Option 1. Loopback at the First Chip Gateway.

[0073]FIG. 5a is a block diagram of a data processing apparatus 500, in accordance with various representative embodiments. In the example shown, the home node (HN) is in first chip 502, while the original read requestor (RN) and the snoop target (ST) are in second chip 504. In this scenario, gateway (GATEWAY 1) loopbacks the data at chip 502. This loopback mechanism, performed using the forward snoop logic circuitry, enables multi-chip DCT without violating the C2C link protocol specification. In addition, the mechanism is compliant with the third-party host and accelerator devices since no changes are needed on those devices. The read request is sent from the requestor to the home node in messages 1-3. In response, the home sends a FWD snoop in message 4 to GATEWAY 1, where it is downgraded to a non-forwarding snoop that is sent the snoop target (ST) in messages 5 and 6. The requested data is sent to GATEWAY 1 in messages 7 and 8, which target the home node. Message 8 is intercepted at GATEWAY 1. The forward snoop logic circuitry reroutes the data to the requestor in messages 9b and 10, bypassing the home node. Optionally, GATEWAY 1 sends a FWD snoop response to the home node in message 9a.

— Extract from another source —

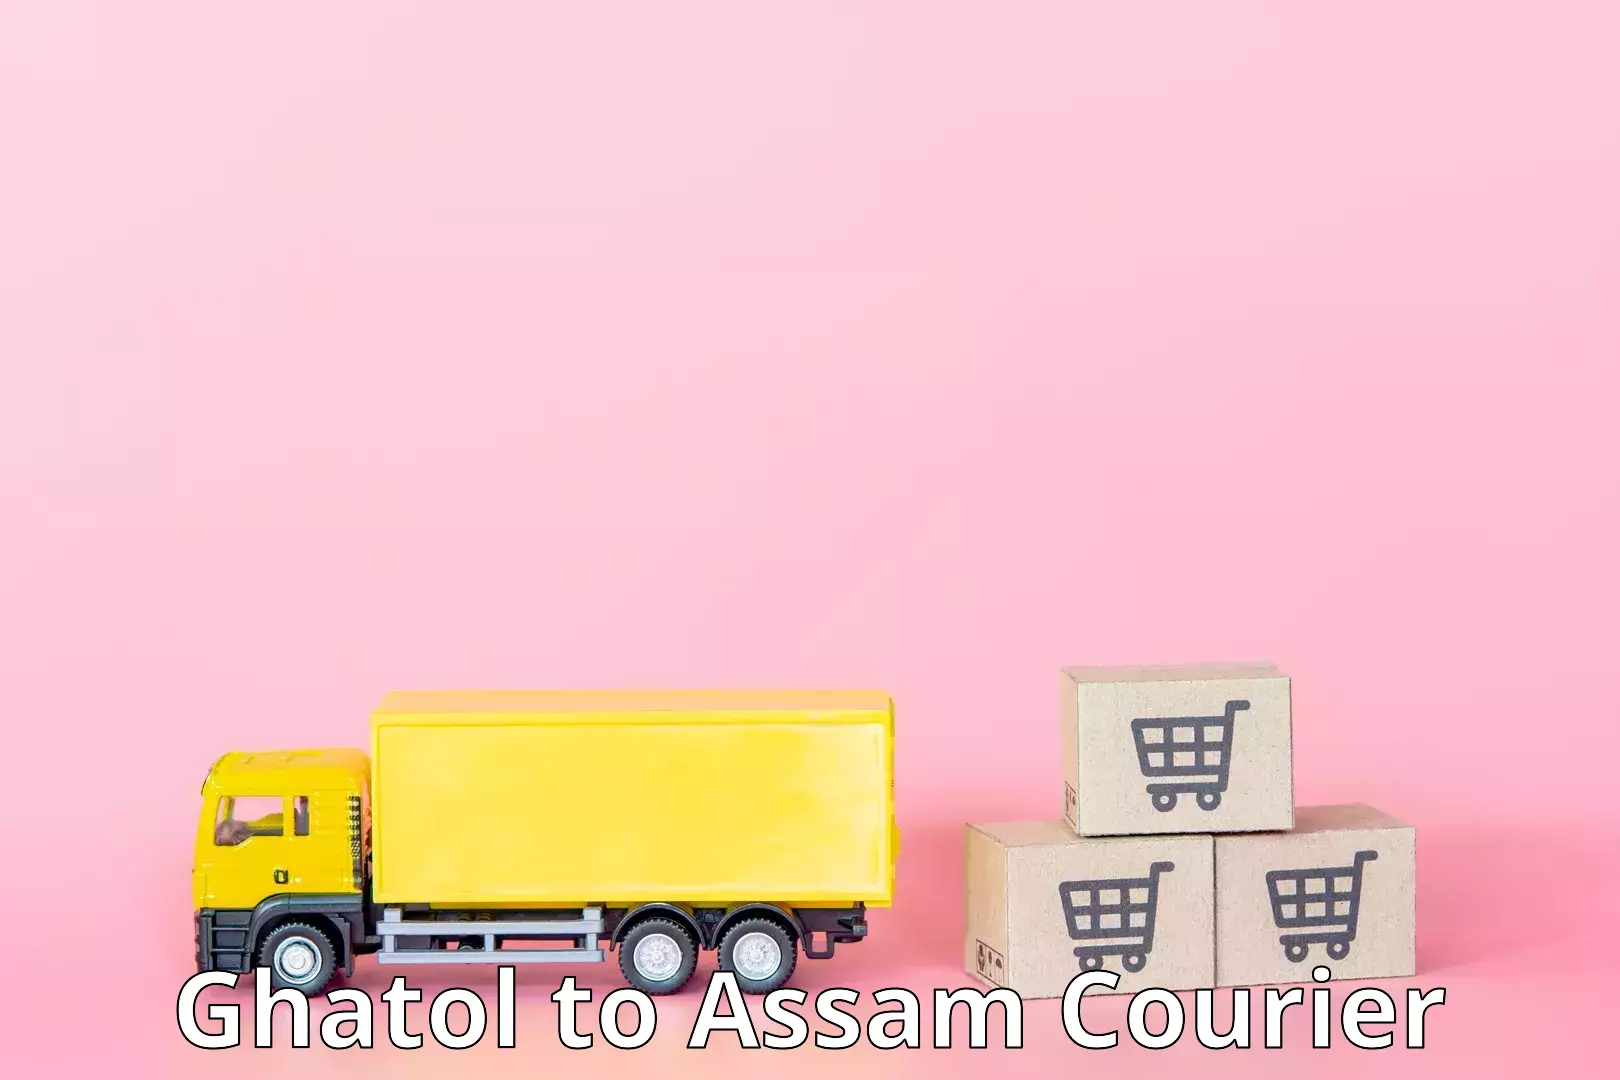 Reliable courier services Ghatol to Guwahati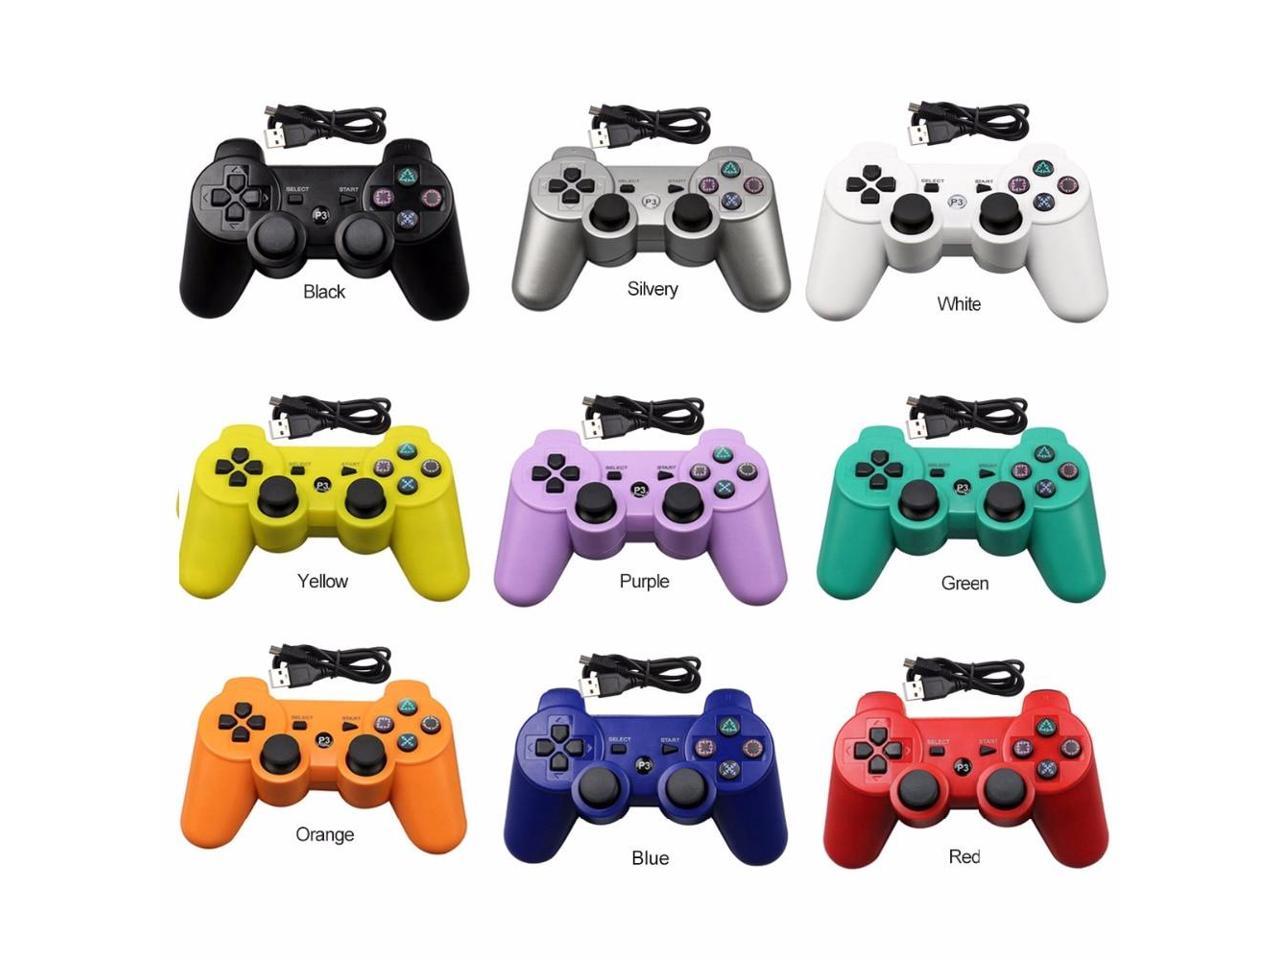 USB Wired Controller For PS3 Gamepad for Play Station 3 usb Joystick gamepad Console for SONY Playstation 3 Controle Gamepad

[0074]FIG. 5b shows some attributes of the messages in FIG. 5a. As indicated by the left-most broken-line arrow, the node identifier (CHIP_2) of the local requestor is received and stored at GATEWAY 1 in the FWD snoop (message 4) to indicate that the message 3 was received from the second chip. The identifier is copied to the rerouted data message (message 9b) to enable the message to be routed to the original requestor (RN_1). In the embodiment shown, the transaction identifier (Tr) of the original read request (message 1) is also copied to message 9b, as indicated by the right-most broken arrow. In an alternative embodiment, the data address, which is present in all messages, is used to identify the transaction.

[0075]GATEWAY 1 stores one or more attributes of the FWD snoop (in this case, the node identifier of the local requestor and, optionally, the transaction identifier of the read request), and uses these attributes to reroute the data message.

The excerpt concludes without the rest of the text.